A main reason of being for a Master Data Management (MDM) solution is to provide a shared registry of every real-world party entity now matter in what application they are described and thereby ensuring consistency, uniqueness and other data quality dimensions.

When looking at product data, ERP applications must often be supplemented by other applications in order to handle detailed and specific topics.

ERP do dont product

Product data

Product Lifecycle Management (PLM) applications are becoming popular when enterprise units as R&D, product management and others have to be supported in handling the series of detailed events that takes place from when a new product is thought of for the first time all through that it is retired and even after that in the period where complaints and other events may occur. ERP applications can only properly handle the main status events as when the product is ready for sale for the first time, when sale is blocked and when the last piece is taken away from the inventory.

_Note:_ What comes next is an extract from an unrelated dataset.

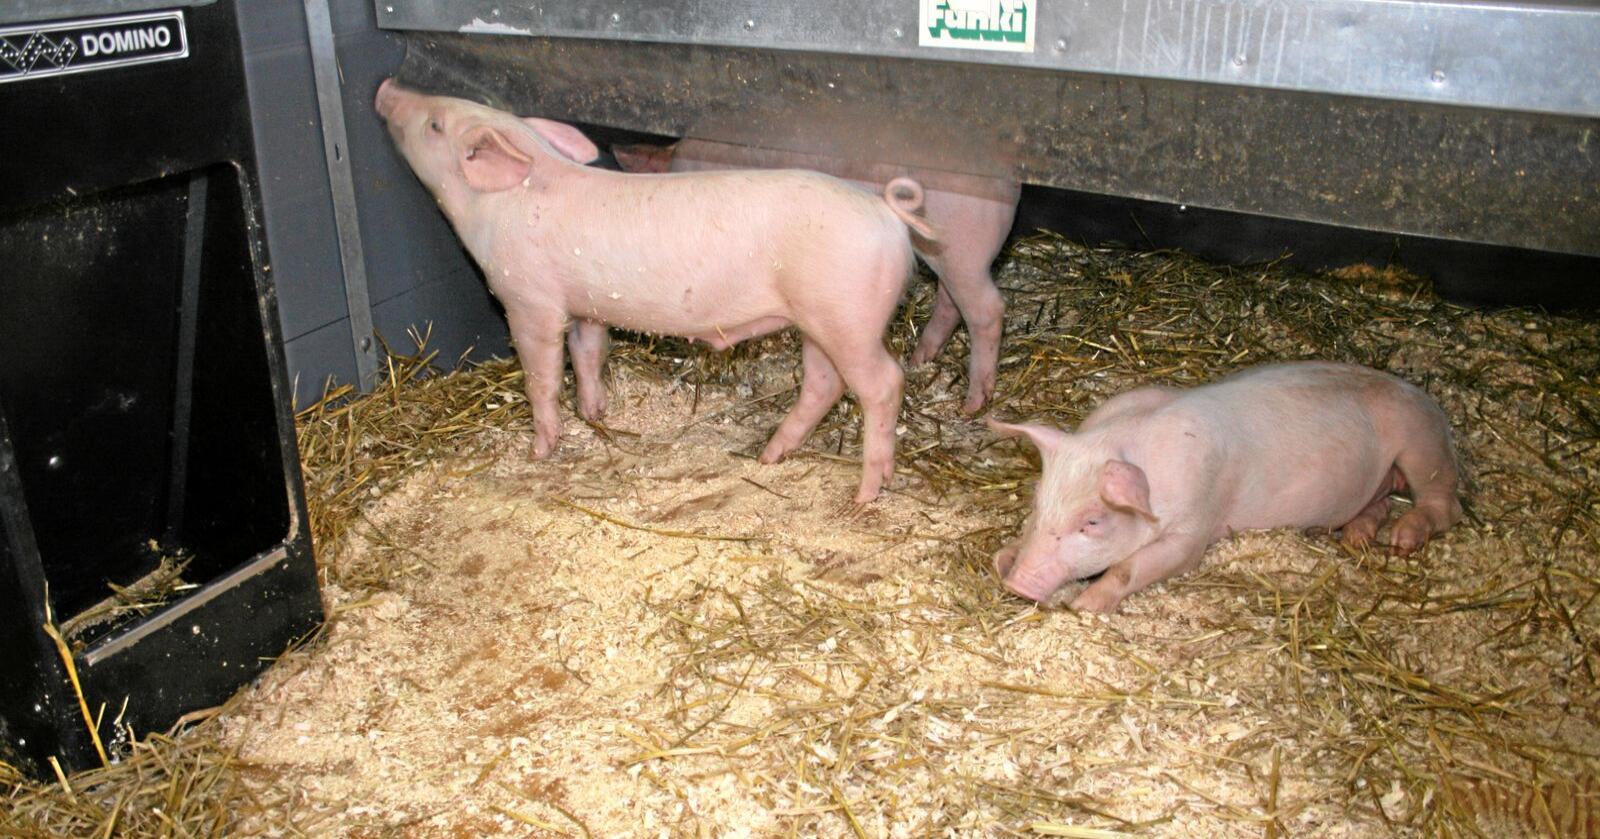 Kostnadsvekst: Prishoppet på kraftfôr gir mange grisebønder ein kostnadsvekst på opp mot 60.000 kroner i året, ifølgje Norsvin, som seier kostnadsauken kjem på toppen av mange år med pressa økonomi for grisebøndene. Foto: Bjarne Bekkeheien Aase
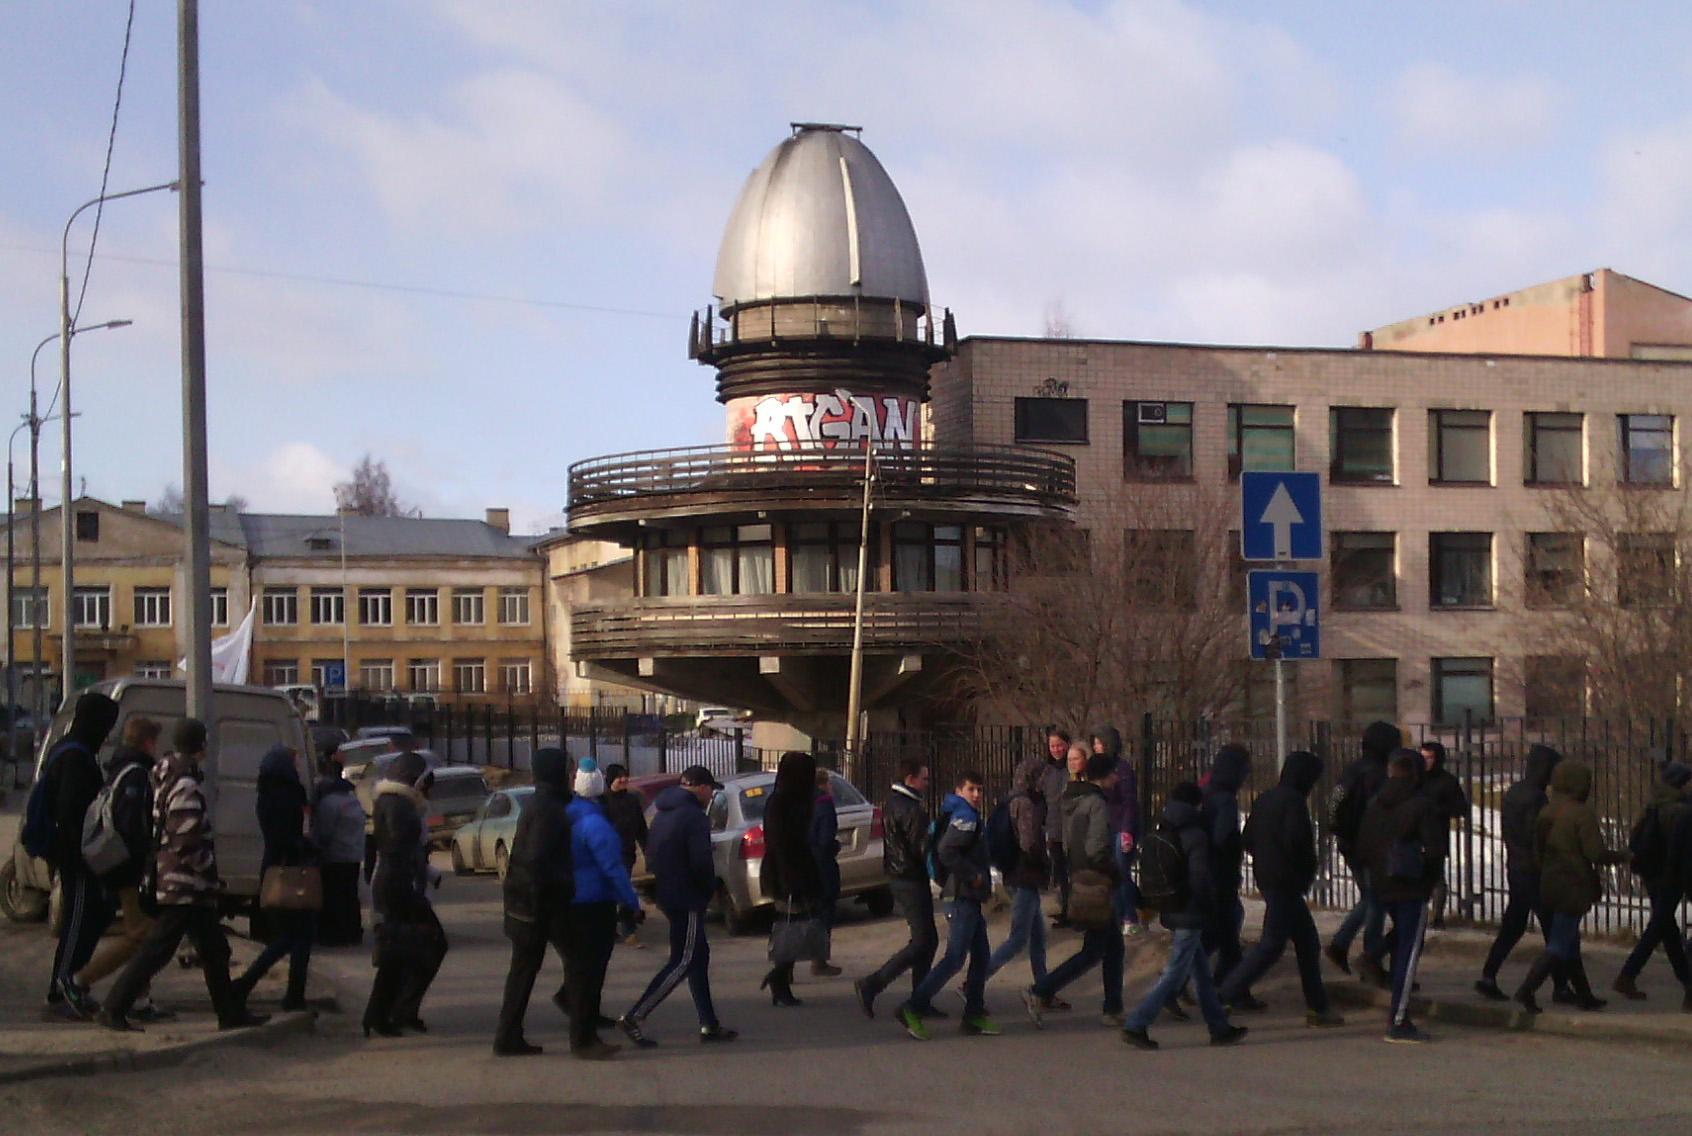 Студентов ведут на митинг в Петрозаводске. Фото: Валерий Поташов

Product Information Management (PIM) applications are becoming popular when enterprise units as sales and marketing need to provide specific product data that varies between different product groups. Not at least the rise of ecommerce has driven a demand for providing very detailed and specific product information to support self-service selling. ERP applications are not built to cater for this complexity and the surrounding functionality.

The information demand in this scenario does also encompass handling a variety of digital assets going from product images in many angles, line drawings, videos and more. Depending on the range of requirements this may be handled in a PIM application or separately in a DAM (Digital Asset Management) application.

Where there is no PIM and/or PLM solution in place, the fallback solution to cover the requirements not fulfilled by ERP is a bunch of spreadsheets.

The reason of being for multidomain MDM solutions is to cover the full spectrum of party entities, product entities together with other master data domains as locations and assets.

Check out the range of solutions to cover this space on this list.

Six MDMographic Stereotypes

In the Select your solution service here on the site there are some questions about the scope of the intended MDM / PIM / DQM solutions and the number of master data entity records. These are among others:

  • How many B2C customer (consumer, citizen) records are in scope for the solution?
  • How many B2B customer / supplier (company) records are in scope for the solution?
  • How many product (SKU) records are in scope for the solution?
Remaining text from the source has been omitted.